An interesting commute

There was apparently a lunatic on the train this morning. I didn't see him, but I heard him. I get on at the end of the line and board the very first car, which becomes the very last when the train pulls out of the station. I always get on at the middle doors and sit facing the direction the train will be going as it heads towards the city. Because it's the first/last station, there are usually only a handful of people in the car until we get to the next stop. So, this morning, I could clearly hear him behind me, at the farthest end of the train, a single voice muttering, growling, occasionally raising in volume to repeat one sentence over and over.

Homeless folk often accumulate enough change to buy a subway fare, and then take the train out to the suburbs. Sometimes they get off at my stop and I see the same people on street corners near home that I've seen on street corners near work. Other times, they curl up to sleep and just ride the train back and forth along its route. The ones who don't sleep are often very vocal. I remember one woman once who entertained the morning commuters with songs from My Fair Lady and a story about how she and her sister learned to play those songs on the piano as children. I listened to those songs and that story probably ten times in the course of my 40 minute ride that day. What is it about repetition that so appeals to the insane?

When I heard the guy this morning, I briefly considered getting off and waiting for the next train, but I didn't. I stayed in my seat, exploring my varying sensations of revulsion and fascination and wondering just what there was in me that inspired each.

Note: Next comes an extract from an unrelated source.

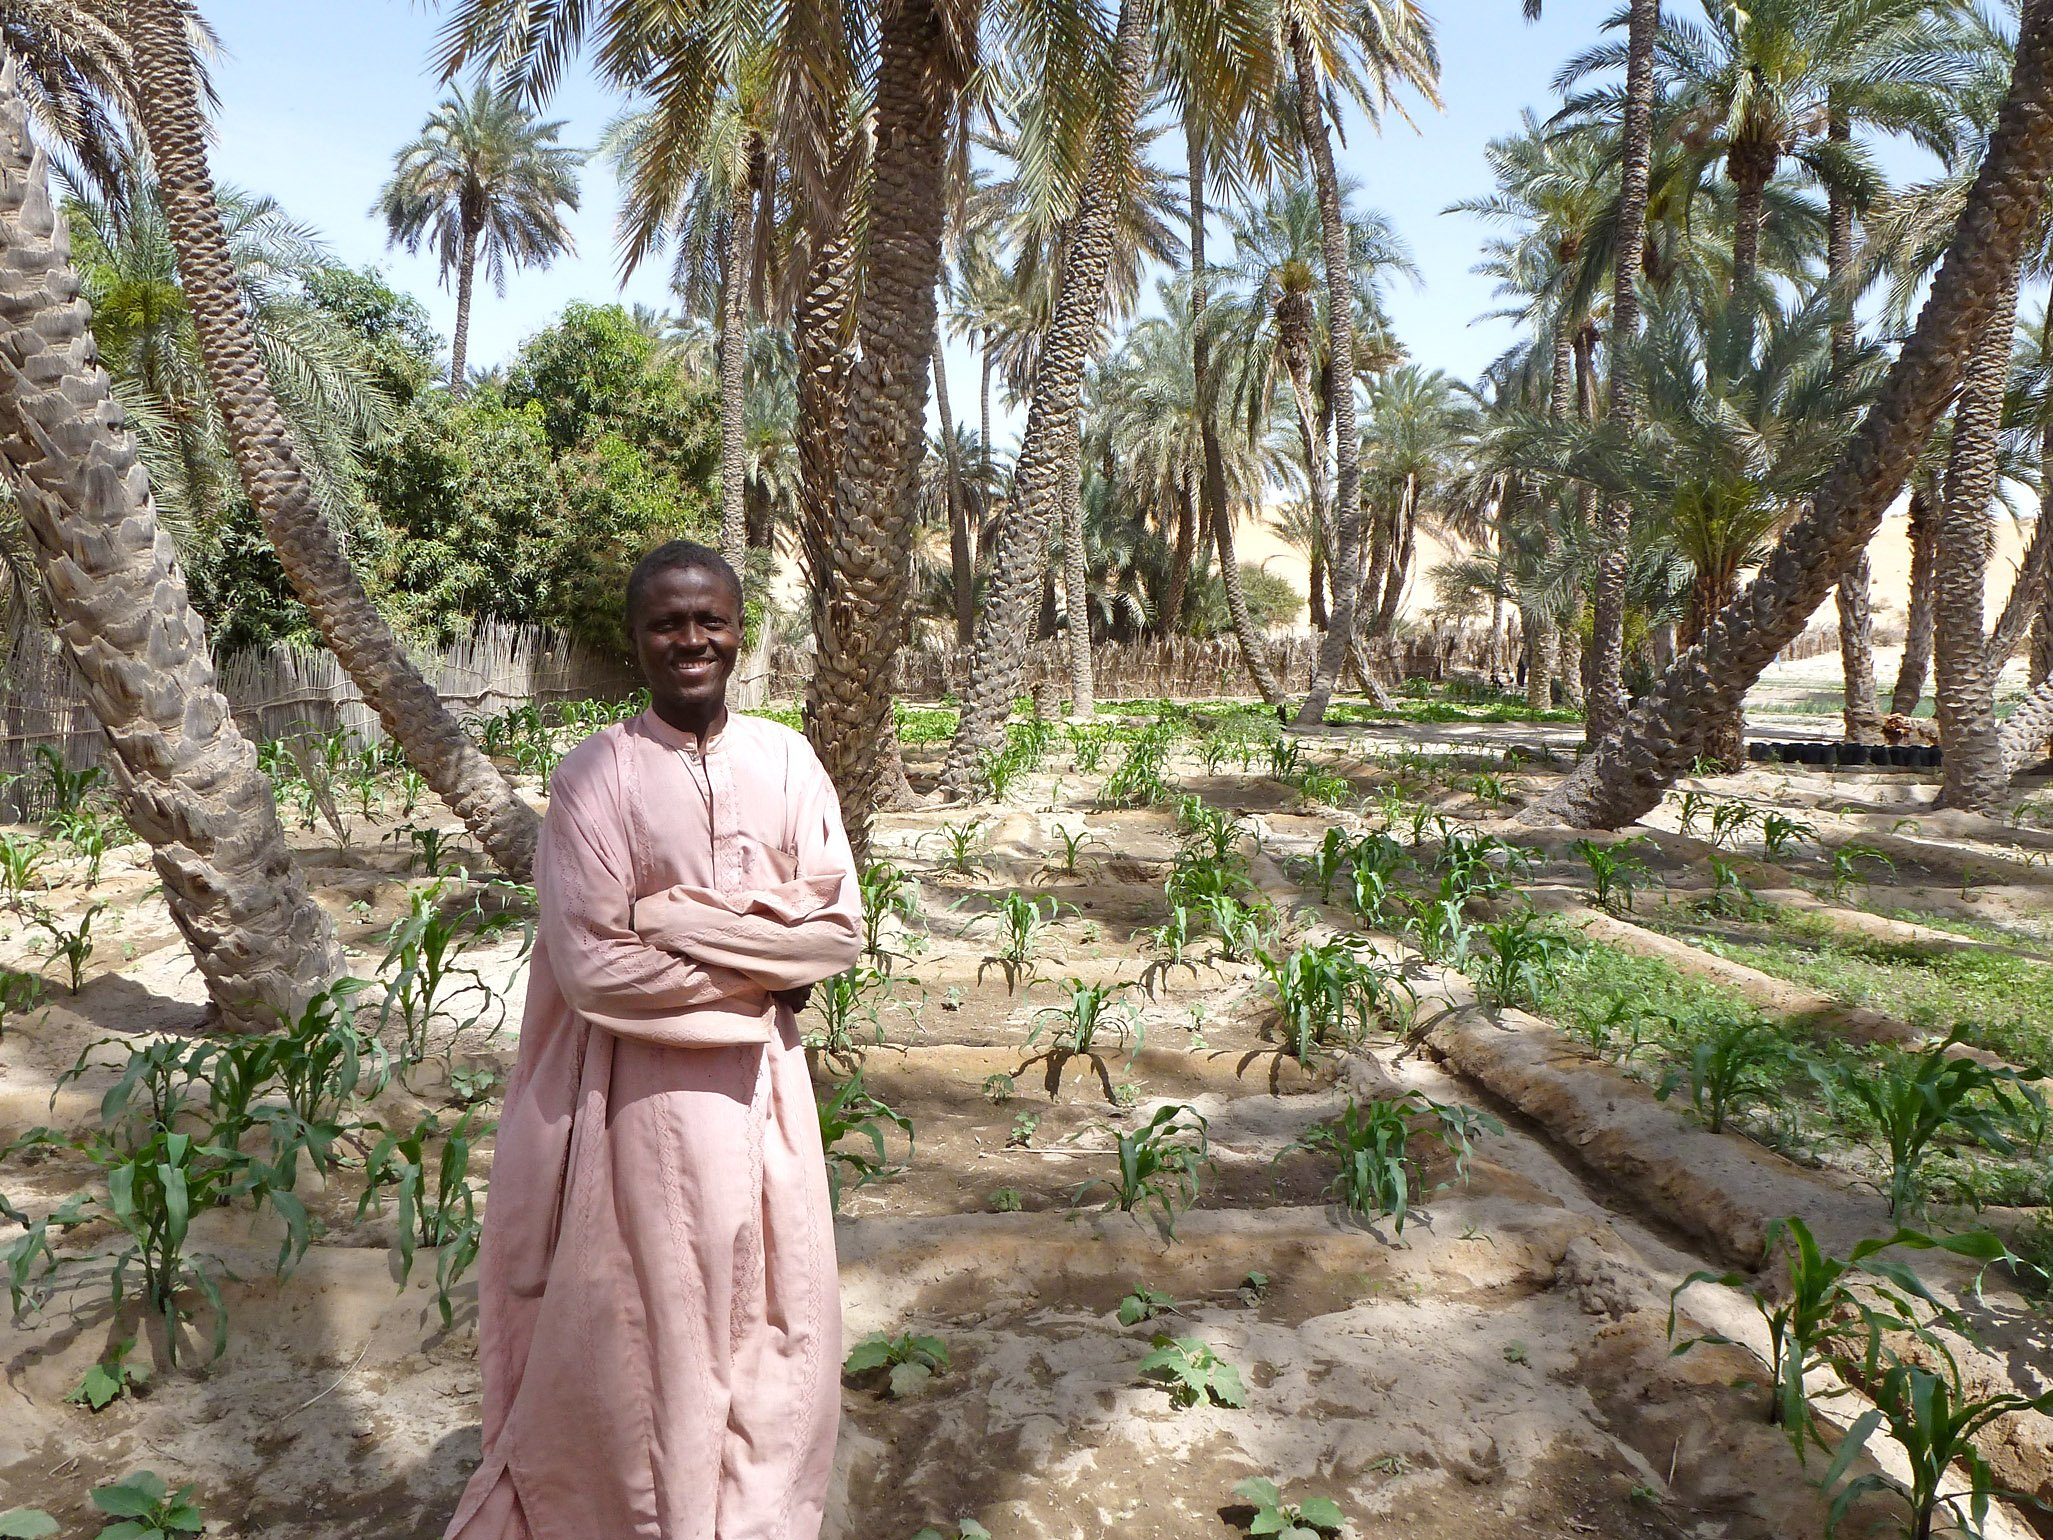 Irin l agriculture durable est elle possible au sahel for L agriculture
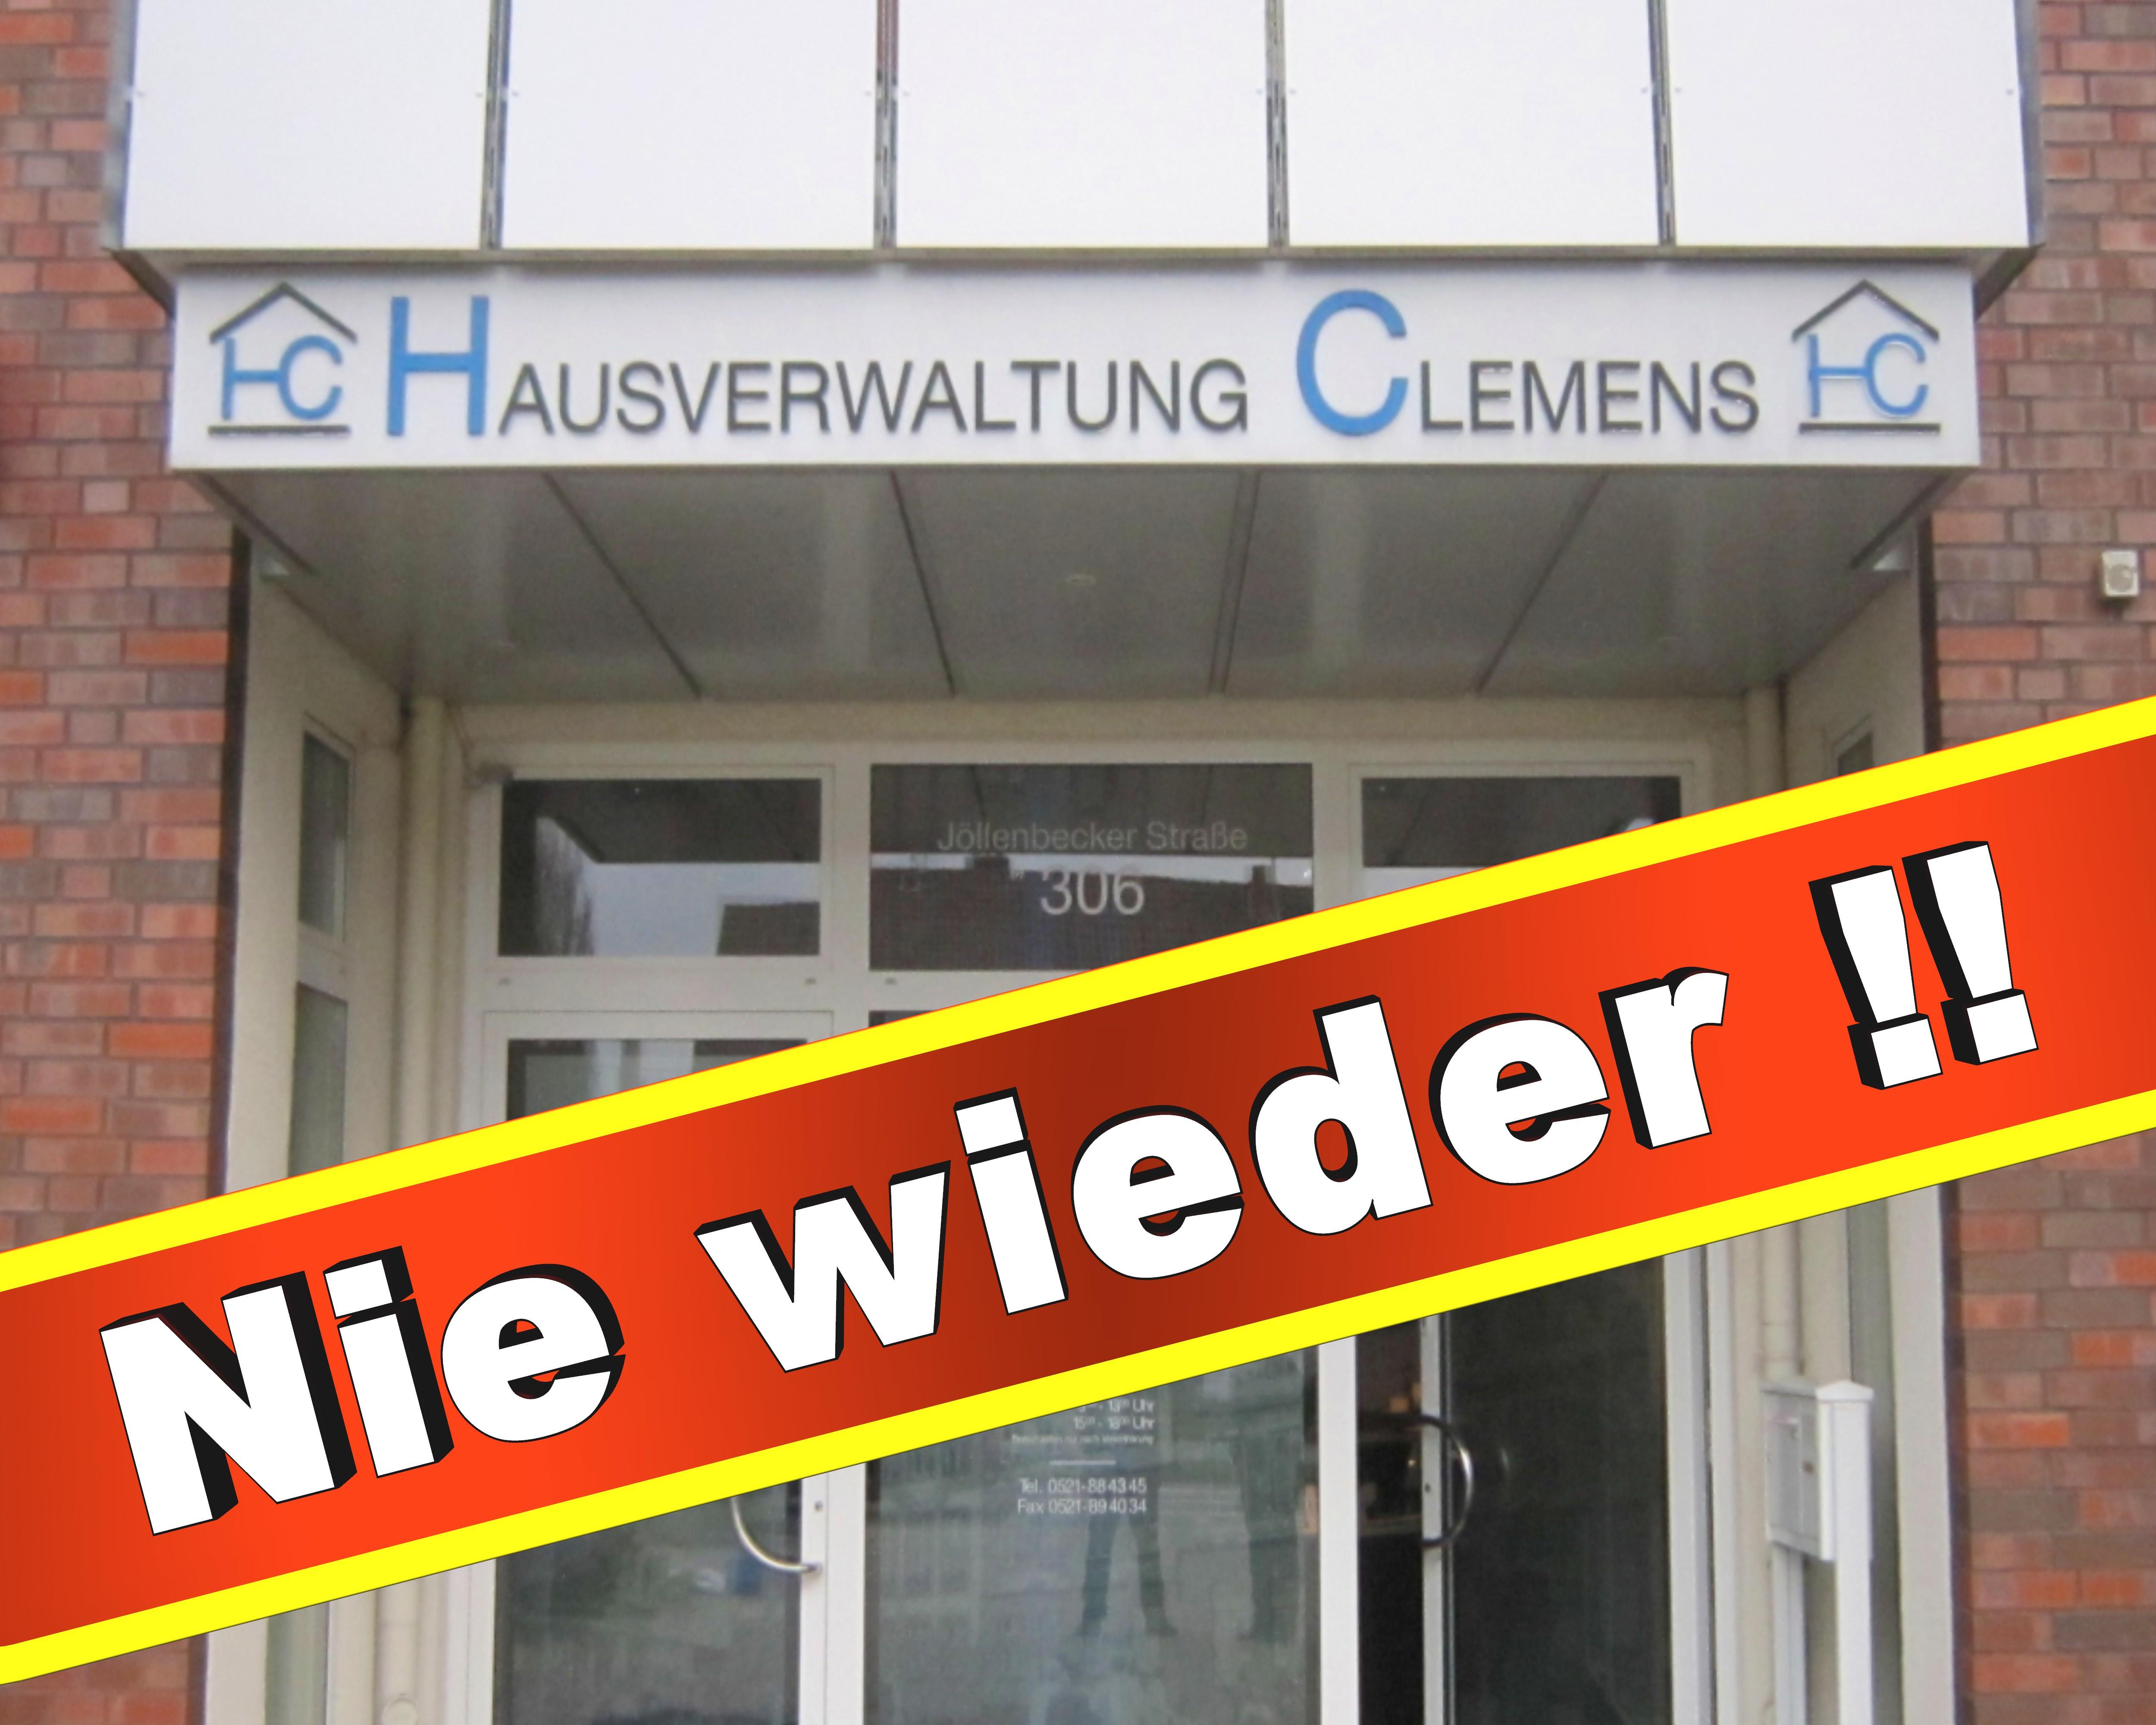 Hausverwaltung Clemens Bielefeld Jöllenbecker Str 306, 33613 Bielefeld Grundstücksverwaltung Hausverwaltungen

At each station, the train filled up with more passengers. Within a half-dozen stops, other voices had drowned out the babbling lunatic one, and I wondered about the reactions of the people boarding that far end. Were they repulsed, compassionate, embarassed, apathetic? How many of them wondered who he was and what might have brought him to this state of being?

I wish now that I had turned around and gotten a look at the guy, so that I could watch for him on the street corners downtown.